***** GIVEN DATA *****

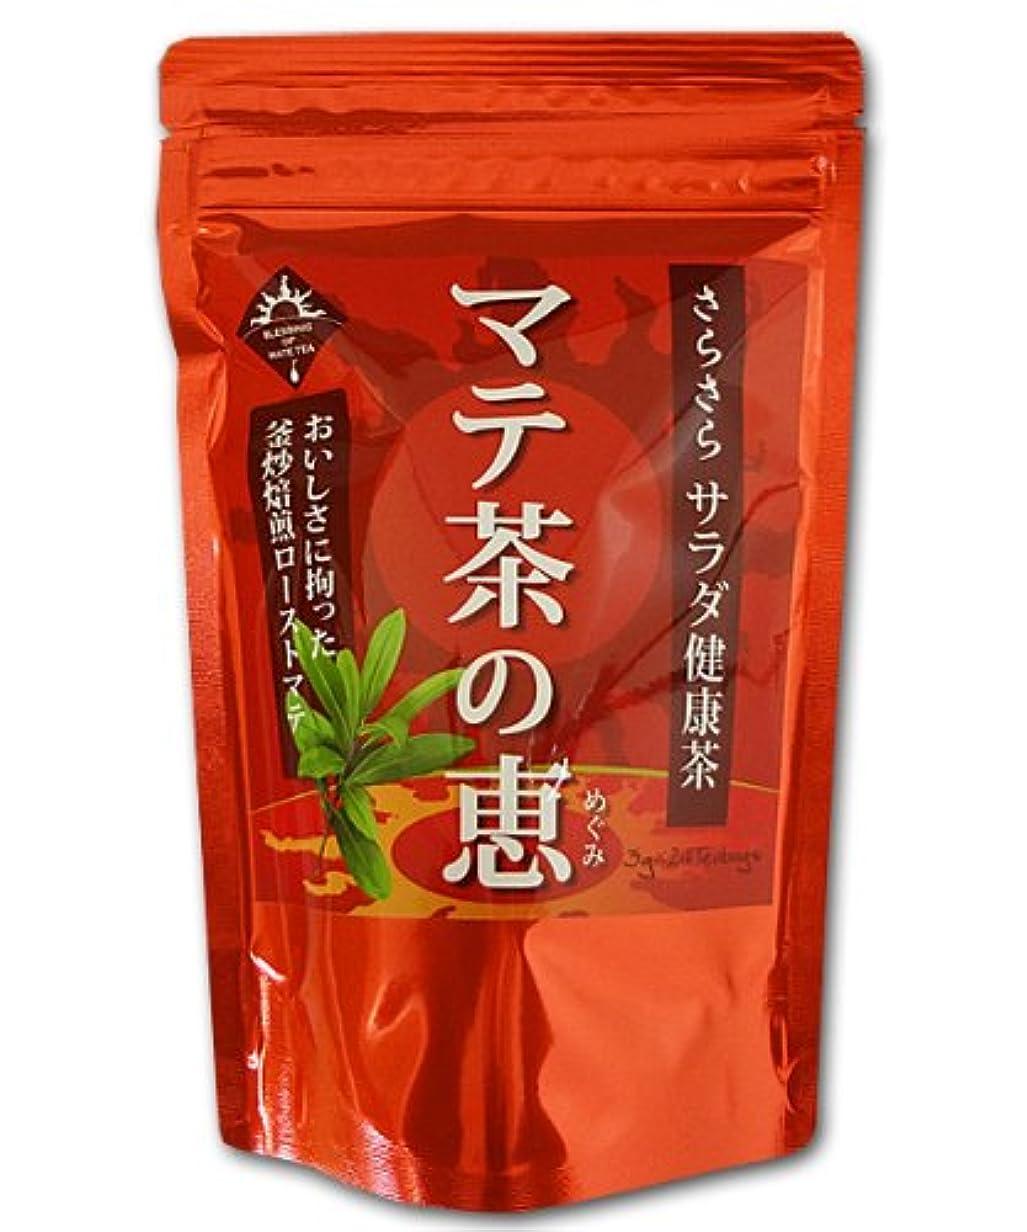 クアッガ簡単な印刷する昭和製薬 マテ茶の恵 3gx24包
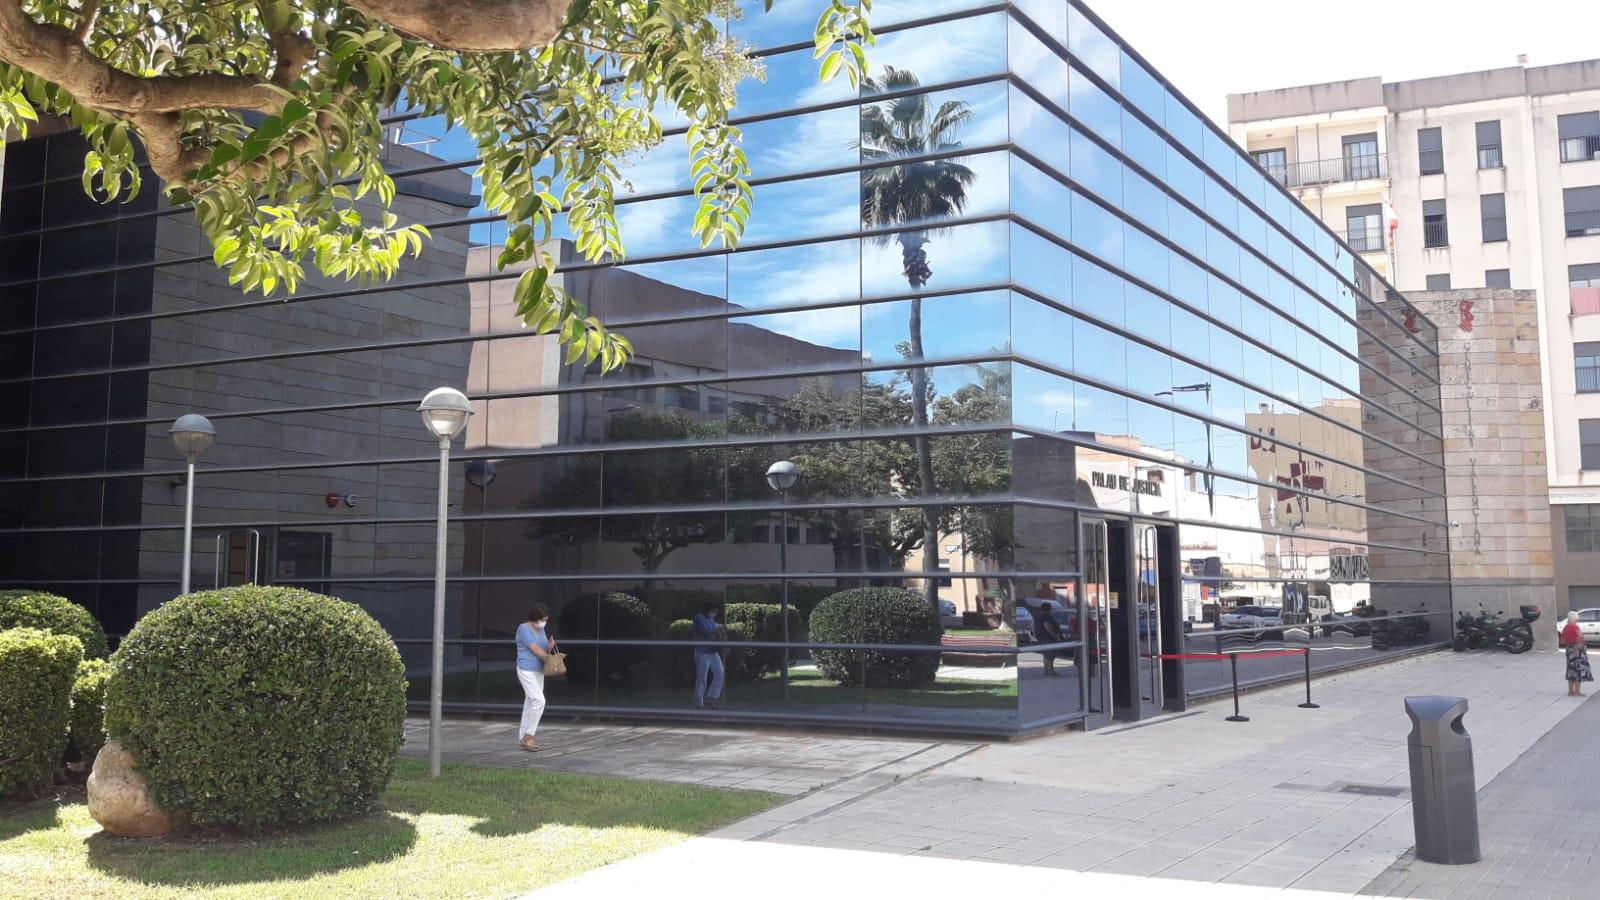 Justicia inicia las obras de renovación de iluminación y climatización en la sede judicial de Vinaròs para mejorar la eficiencia energética
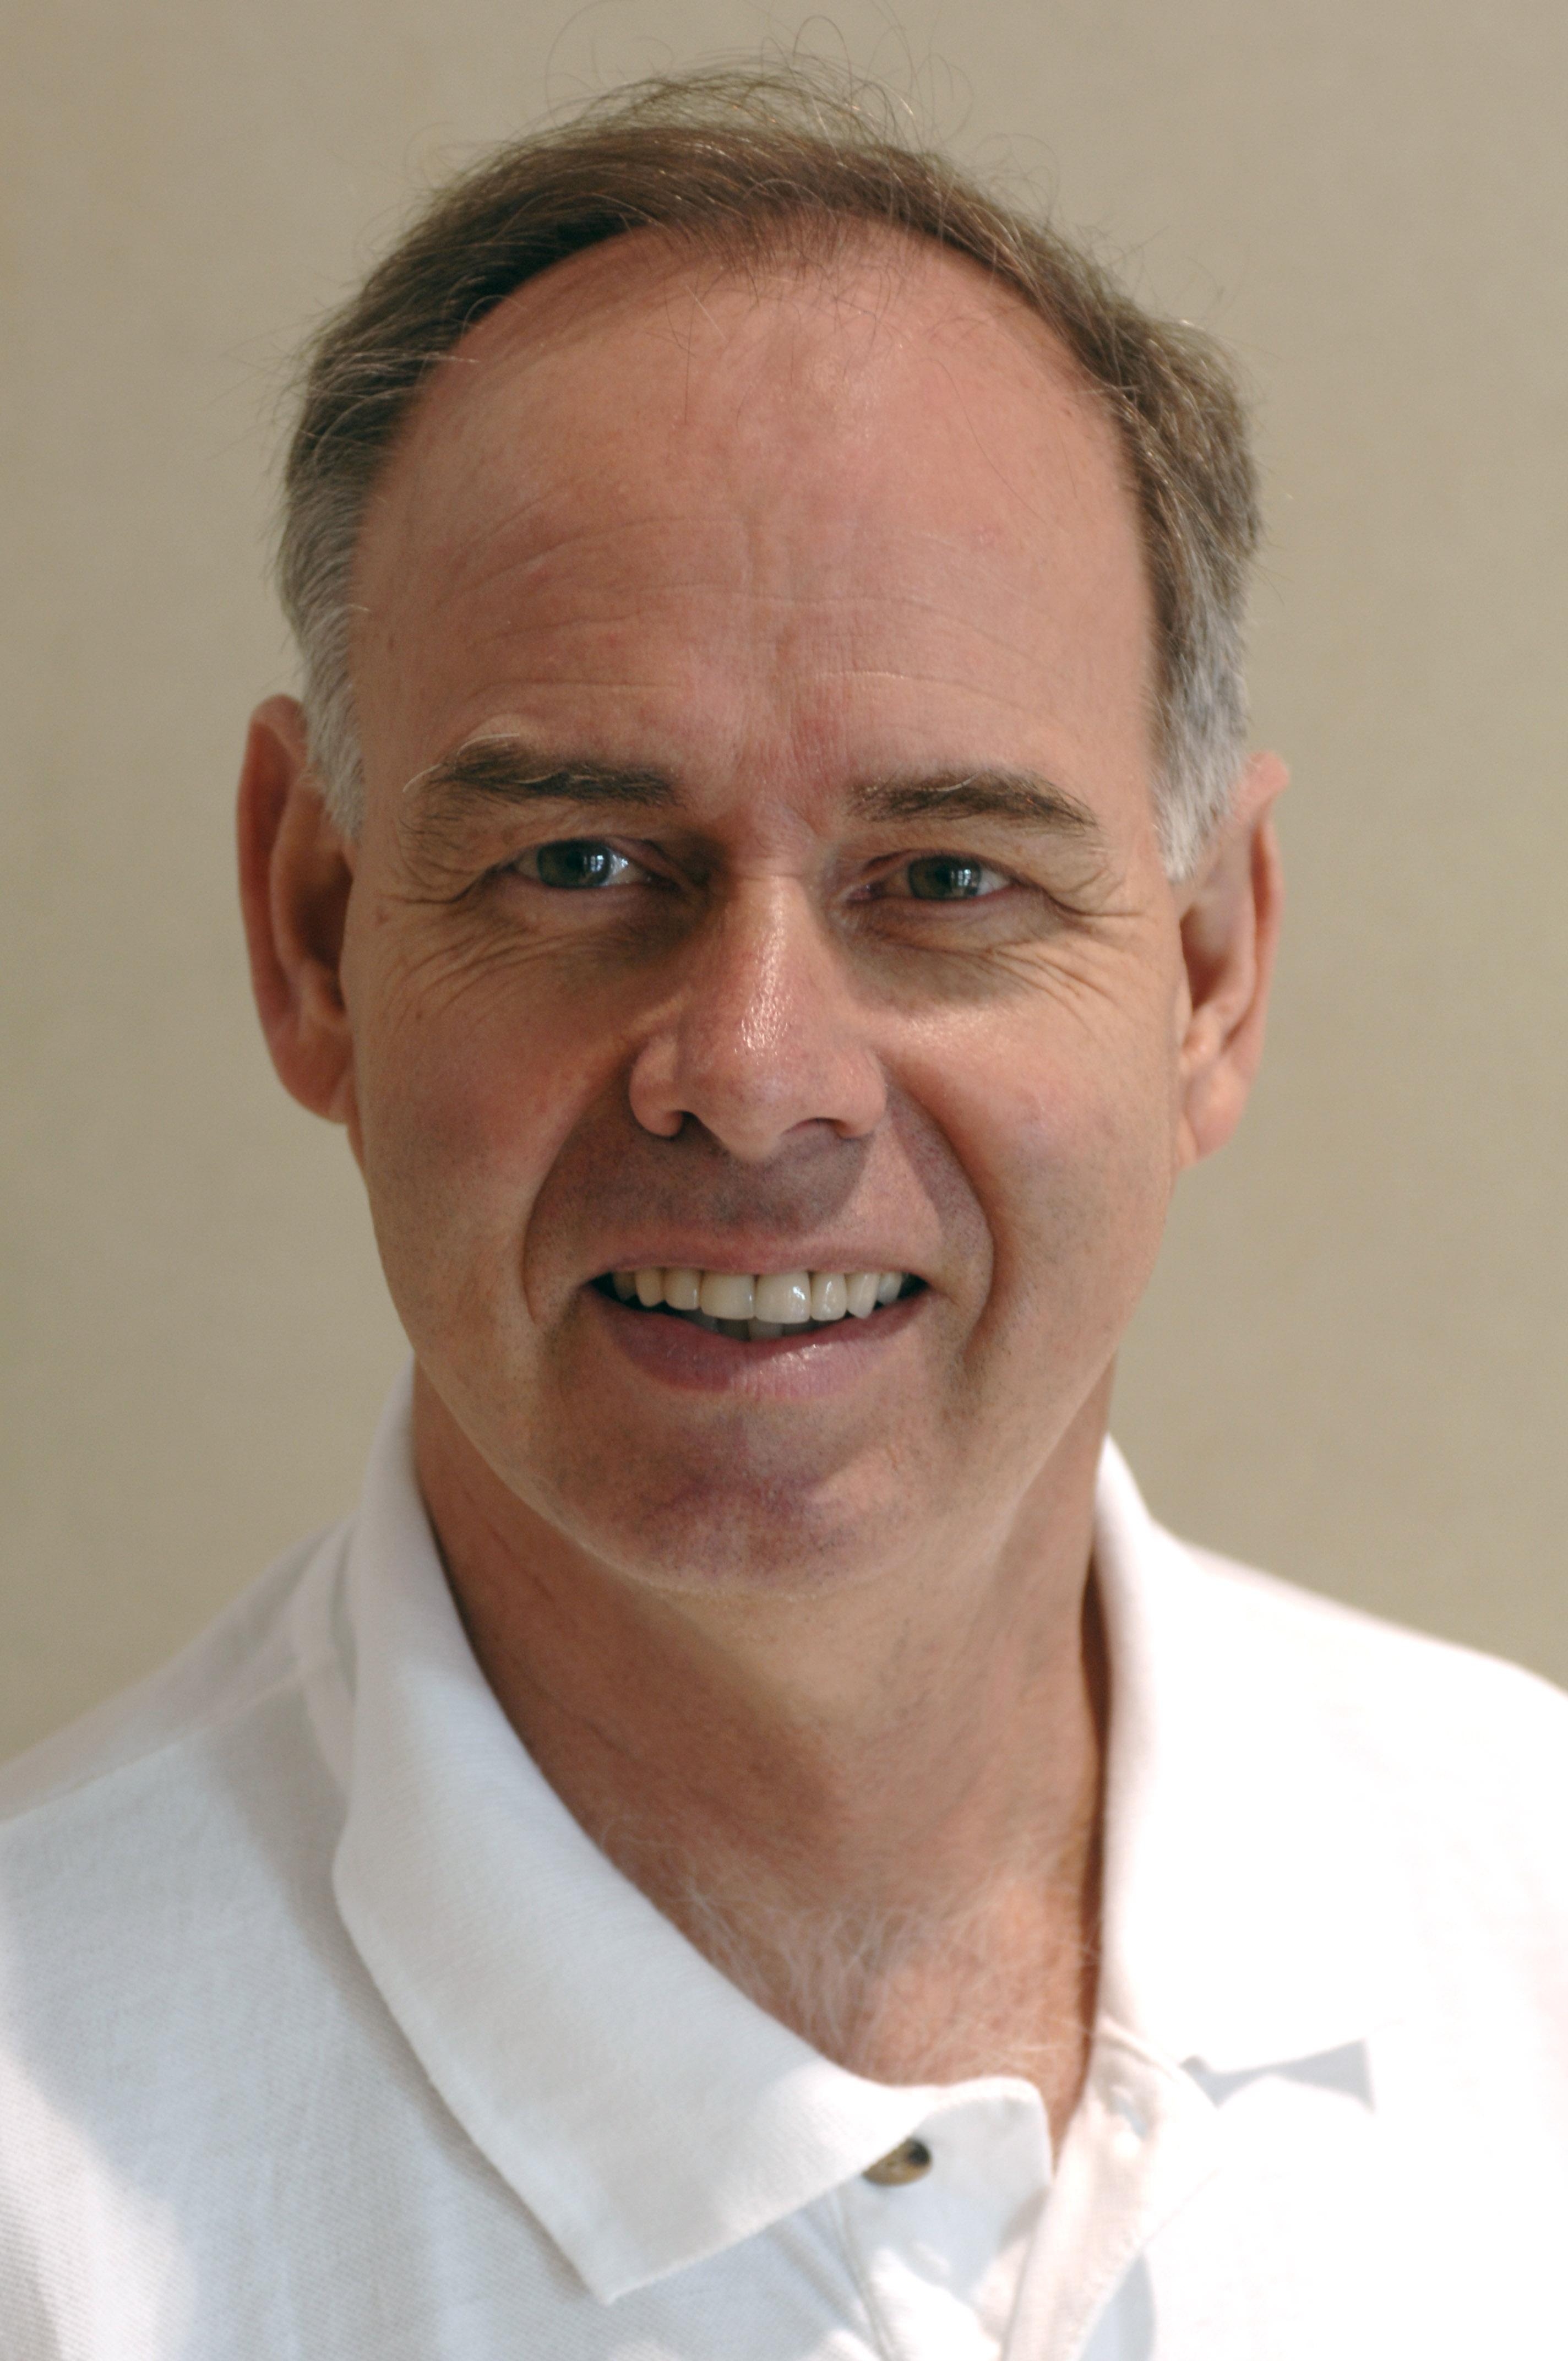 Donald E. Skinner

*****

THE TASK :: Transcribe the listing above in full and exactly; no pictures belong in the copy.

REPLY ::
 クアッガ簡単な印刷する昭和製薬 マテ茶の恵 3gx24包
 Justicia inicia las obras de renovación de iluminación y climatización en la sede judicial de Vinaròs para mejorar la eficiencia energética
 Donald E. Skinner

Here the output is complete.